Preparation itself would be a carnival in its own right. For 10 to 15 days students, teachers, ex-students and outsiders would work day and night. Work would continue till the late hours of the night and into early morning of Pahela Baishakh. Then in the morning all things were lined up in the order that they would leave the premises. The dhak players were distributed proportionately across the procession.
The procession is a sight worth watching indeed. The gathering crowd stretches from the gates of the art college to the Shahbagh crossing. Even the footpaths are filled up at both ends. The shobhajatra begins at the gates and processes across the Suhrawardy Uddyan. On a few occasions, the procession has taken the route in front of the National Press Club, right up to Kakrail, and back to the art college. The participants walk on one lane of the road to prevent the traffic from being stuck. It generally takes one to two hours to complete the shobhajatra.
‘There are people dancing all along the way — old, young, families, foreigners — even hours after the shobhajatra is over. I even see people in their cars and bikes on the other side of the street rock to the beat of the dhak. We even control the traffic ourselves as our boys on motorbikes travel ahead of us and clear the way,’ says Juise.
This year, the hub of the activities will be the area starting from Shahbagh, the art college, Mall Chattar and TSC, right up to the Bangla Academy, Suhrawardy Uddyan, Shaheed Minar and the High Court. Hundreds of thousands will throng the area from the break of dawn till the next day, some starting celebrations from the day before.
At the art college you can get masks, get your face painted, buy artwork, T-shirts and all kinds of local items. There will be baul sangeet and lokosangeet by different groups and shilpa goshthis in and around the university area. There are going to be various food stalls – the legendary panta-ilish on kolapata, luchi-tarkari and other traditional food.
And finally, a lot of colour. Colourful processions throughout the day – featuring boats, thrones, stage kings and queens, men dressed as bauls and boyatis, men dressed in dhotis, men dressed as theatrical characters, and women dressed in the traditional white sari with the red paar.

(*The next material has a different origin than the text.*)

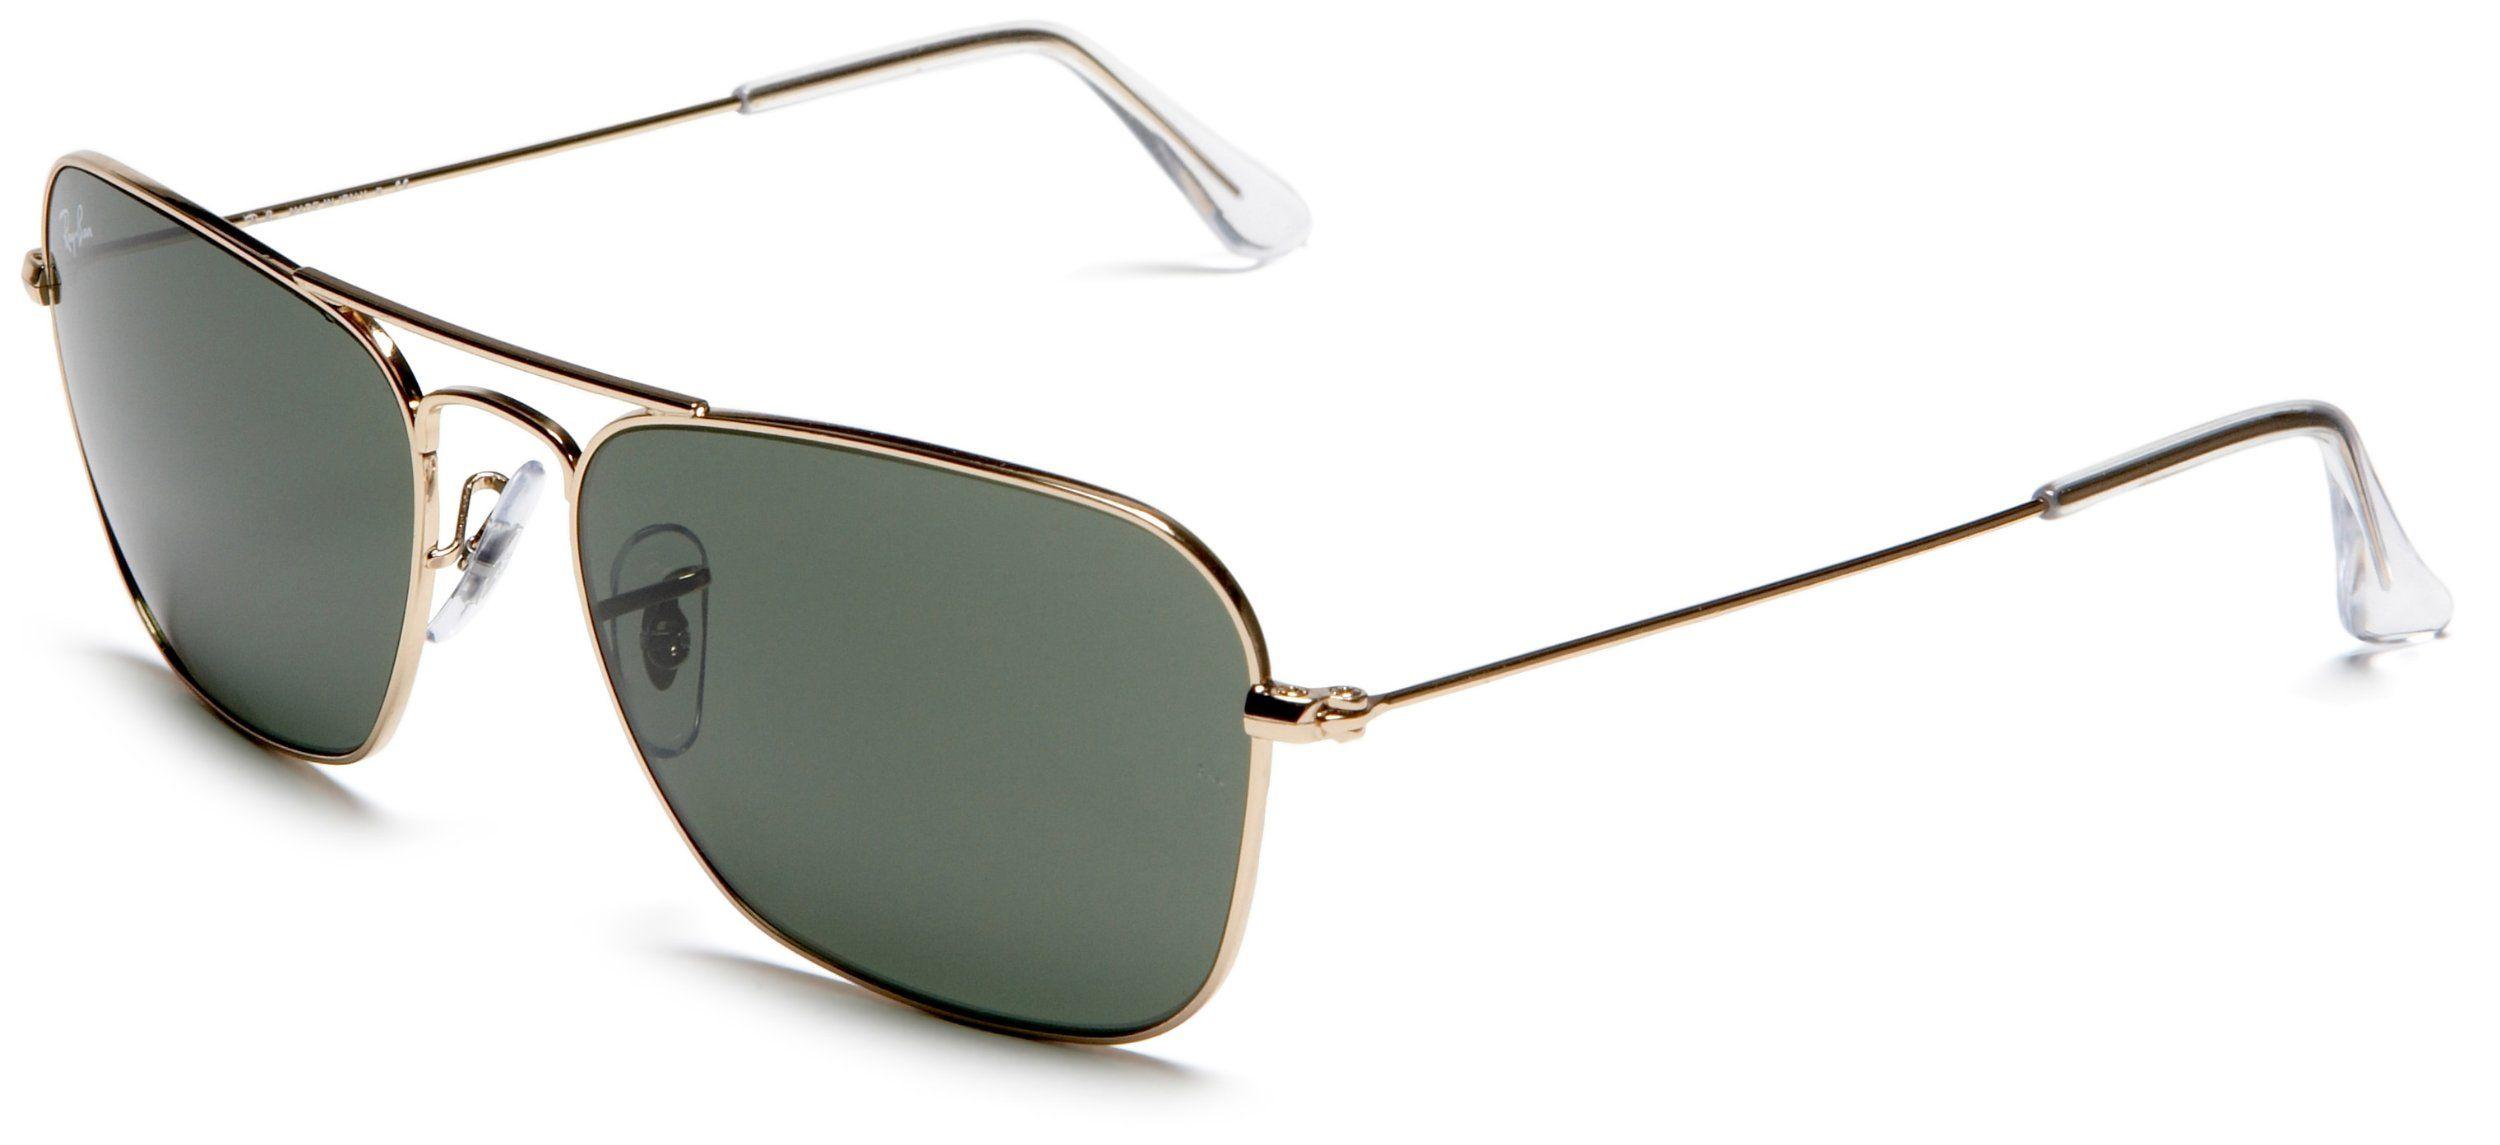 15b23c916d9 Amazon.com  Ray-Ban RB3136 Caravan Sunglasses 55 mm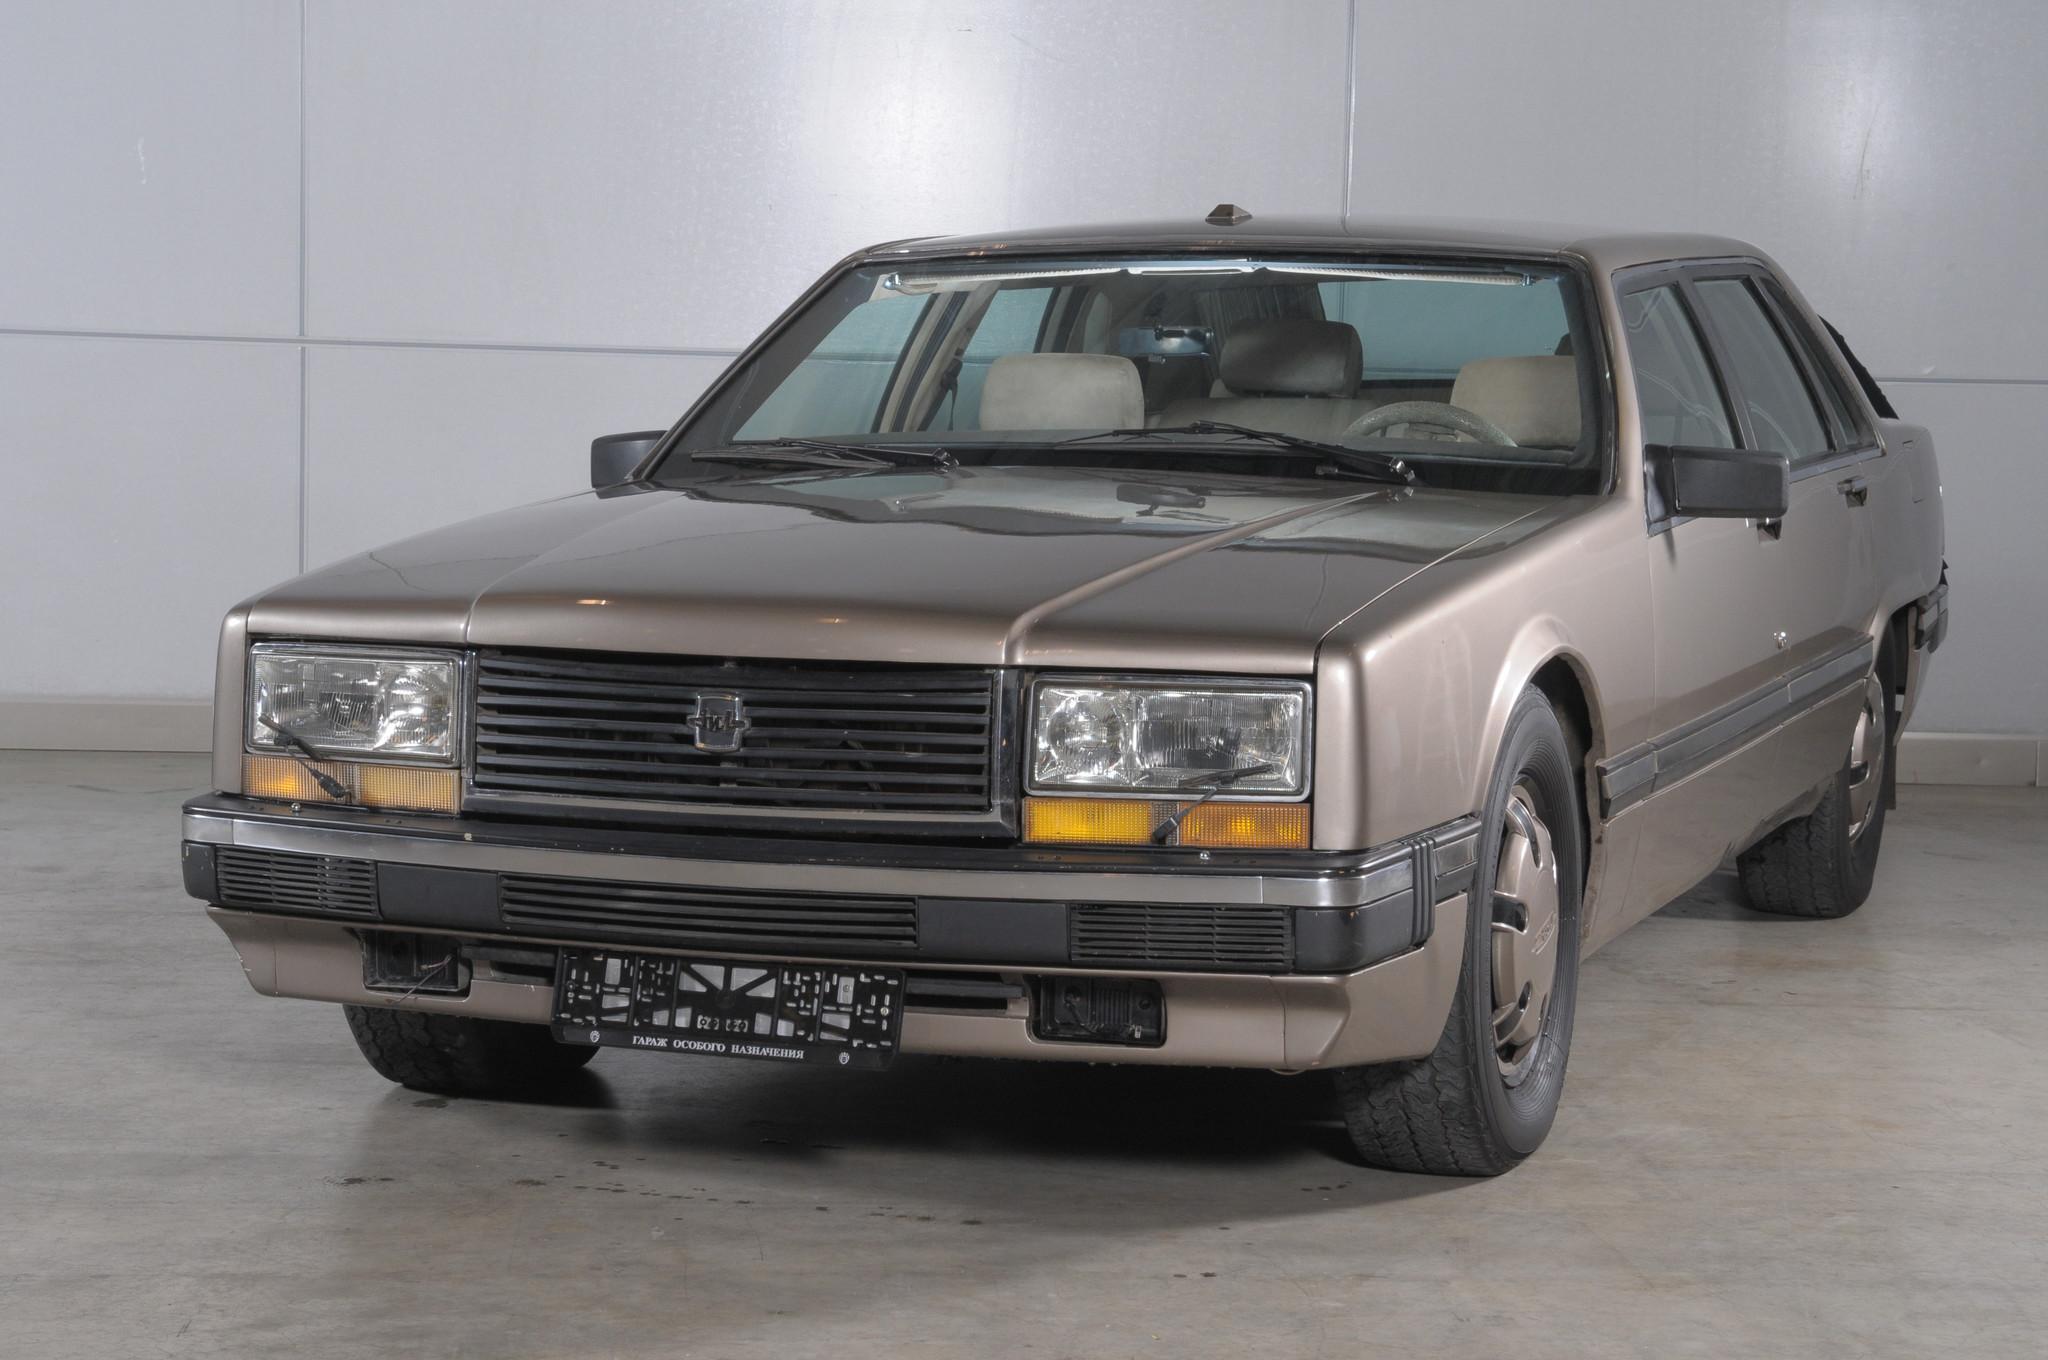 ЗИЛ-4102 был создан в бюро по исследованию и доводке легковых автомобилей ЗИЛ. Принципиальное отличи

Cultural Programmes on Pahela Boishakh
Different cultural organisations have chalked up elaborate programmes on the occasion of Pahela Boishakh.

Chhayanaut:
Leading cultural organisation Chhayanaut will hold its most acclaimed music programme on the eve of Pahela Boishakh at Ramna Batamul, which will begin at 6:30am.

Bangladesh Shilpakala Academy:
Bangladesh Shilpakala Academy will organise a three-day cultural programme which begins on Pahela Boishakh and will feature songs, dances, theatrical performances and a traditional fair.

Faculty of Fine Arts, Dhaka University:
Students of fine arts faculty of Dhaka University have also chalked up a three-day programme which begins at the faculty’s Bakul Tala on April 13 to mark the Chaitra Shangkranti or the last day of the Bengali month Chaitra. On the morning of Pahela Boishakh, they will hold the most colourful rally rich with traditional handicrafts of various sizes.

Hrishiz:
Another organisation Hrishiz will hold a cultural programme at the same place in the afternoon.